### WHAT TO WORK ON
Skip pictures in the listing below; copy exactly the lines from the one with "Schöne Darstellung eines" through the one with "Das Gemälde ist", inclusive.

### DATA FOR THE TASK

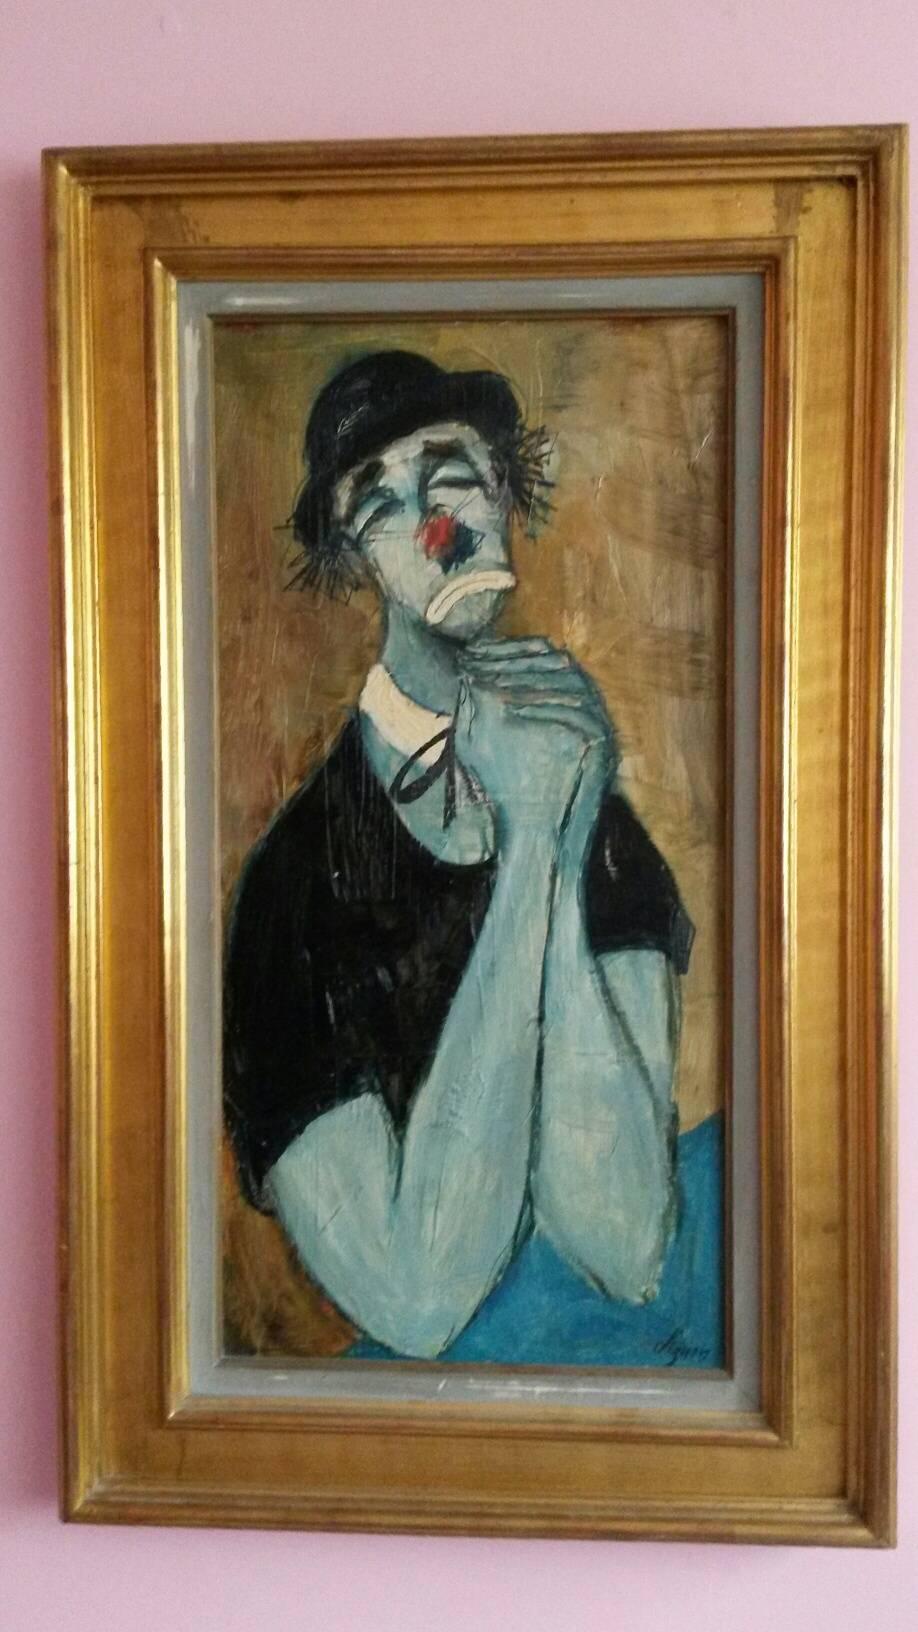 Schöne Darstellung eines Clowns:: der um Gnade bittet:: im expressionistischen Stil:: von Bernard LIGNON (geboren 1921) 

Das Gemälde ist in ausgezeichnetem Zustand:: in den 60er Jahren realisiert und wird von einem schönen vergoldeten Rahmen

* * *

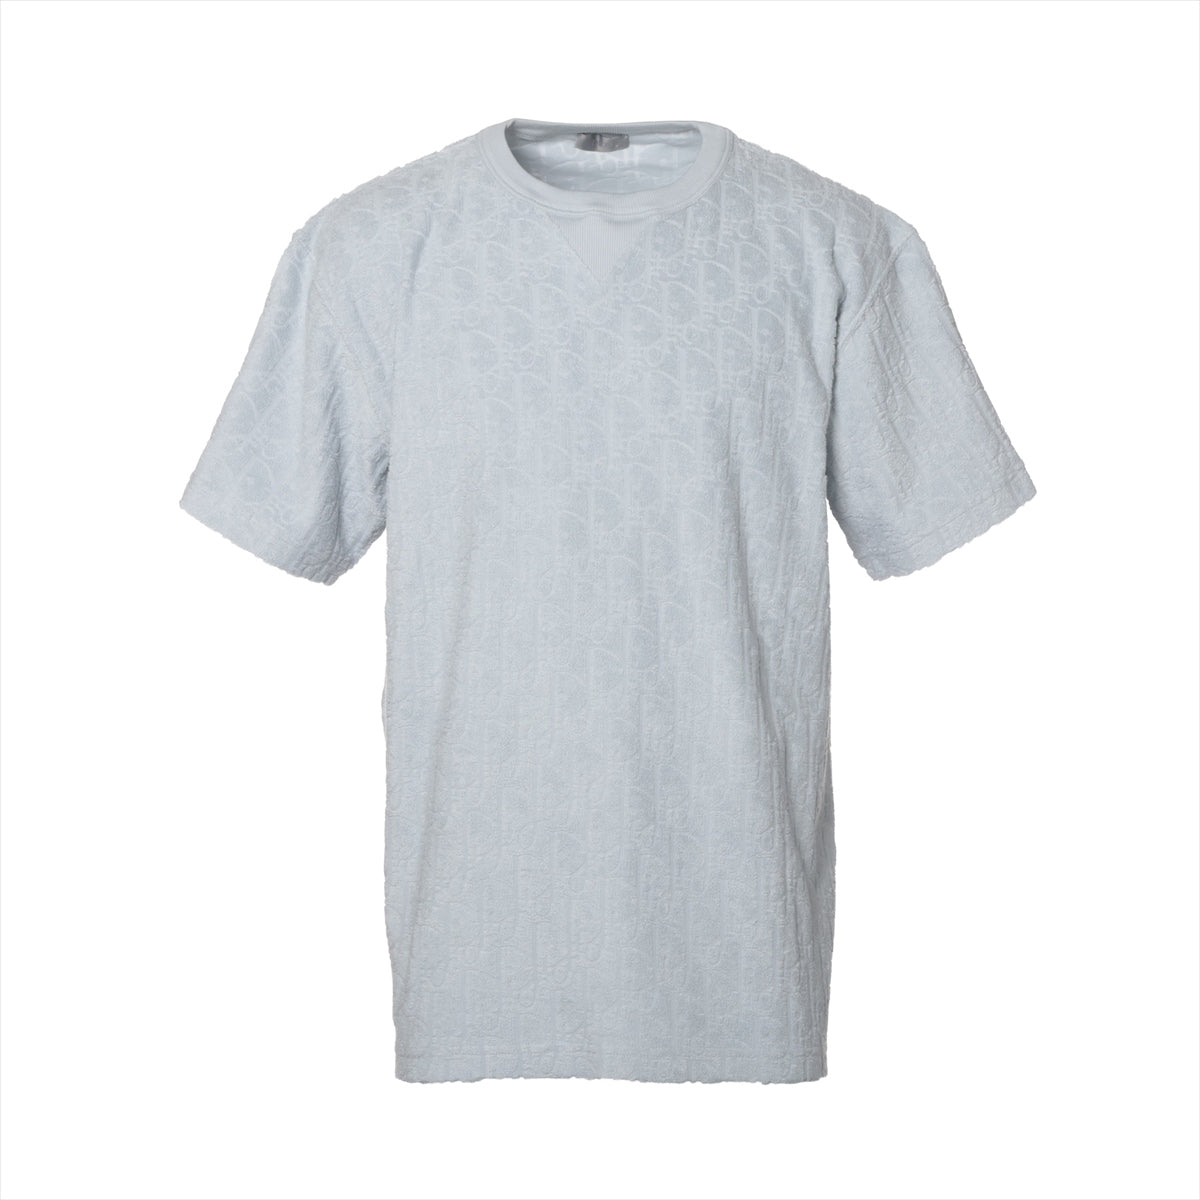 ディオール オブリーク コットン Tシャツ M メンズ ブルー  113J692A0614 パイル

---

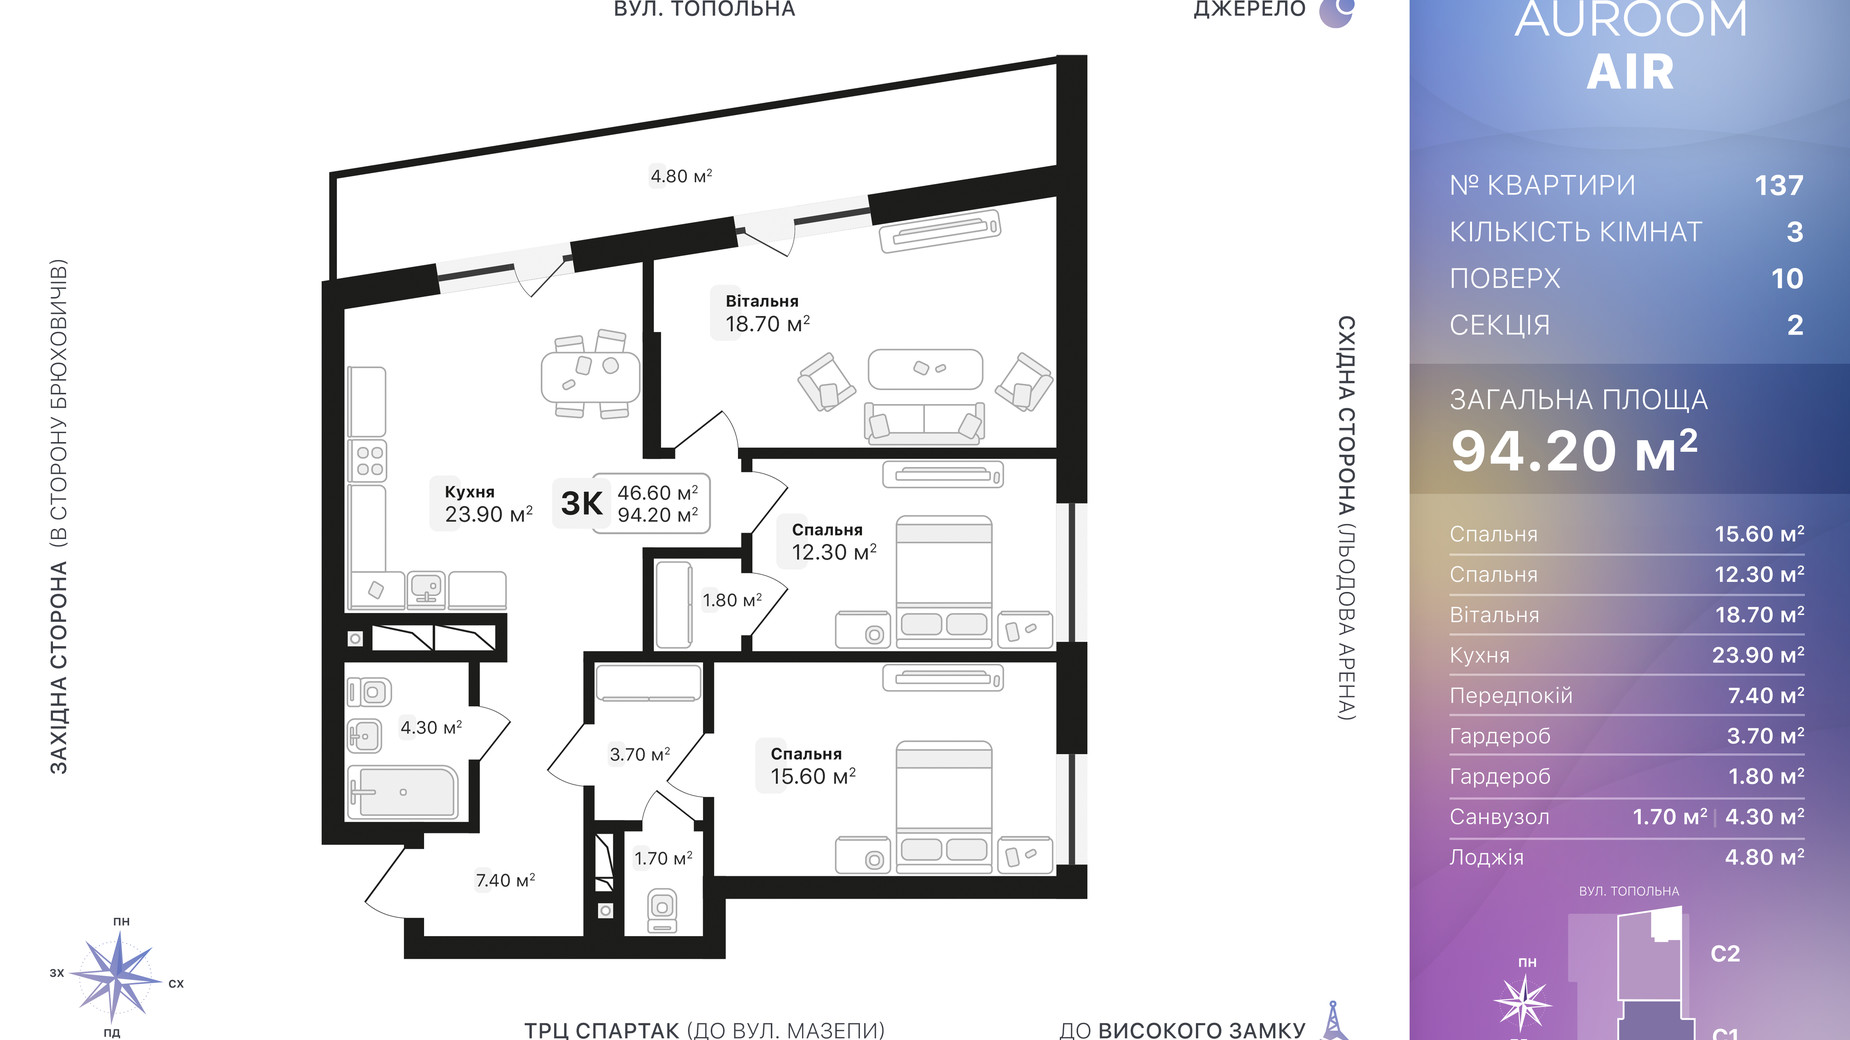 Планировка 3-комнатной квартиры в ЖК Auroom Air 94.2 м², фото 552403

### RESPONSE BOX
 Schöne Darstellung eines Clowns:: der um Gnade bittet:: im expressionistischen Stil:: von Bernard LIGNON (geboren 1921) 

Das Gemälde ist in ausgezeichnetem Zustand:: in den 60er Jahren realisiert und wird von einem schönen vergoldeten Rahmen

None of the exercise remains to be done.